Top of EXTRACTED MATERIAL

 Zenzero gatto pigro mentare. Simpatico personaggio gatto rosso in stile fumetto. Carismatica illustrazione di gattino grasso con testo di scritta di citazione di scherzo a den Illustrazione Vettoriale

Bottom of EXTRACTED MATERIAL
Top of EXTRACTED MATERIAL

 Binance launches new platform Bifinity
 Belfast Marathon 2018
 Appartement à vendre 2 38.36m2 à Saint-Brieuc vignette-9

Bottom of EXTRACTED MATERIAL

(PROBLEM STATEMENT): Everything above from the line containing "Belfast Marathon 2018" through the line containing "Appartement à vendre" must be copied exactly. Nothing outside that range belongs in the answer.

(RESULT):
 Belfast Marathon 2018
 Appartement à vendre 2 38.36m2 à Saint-Brieuc vignette-9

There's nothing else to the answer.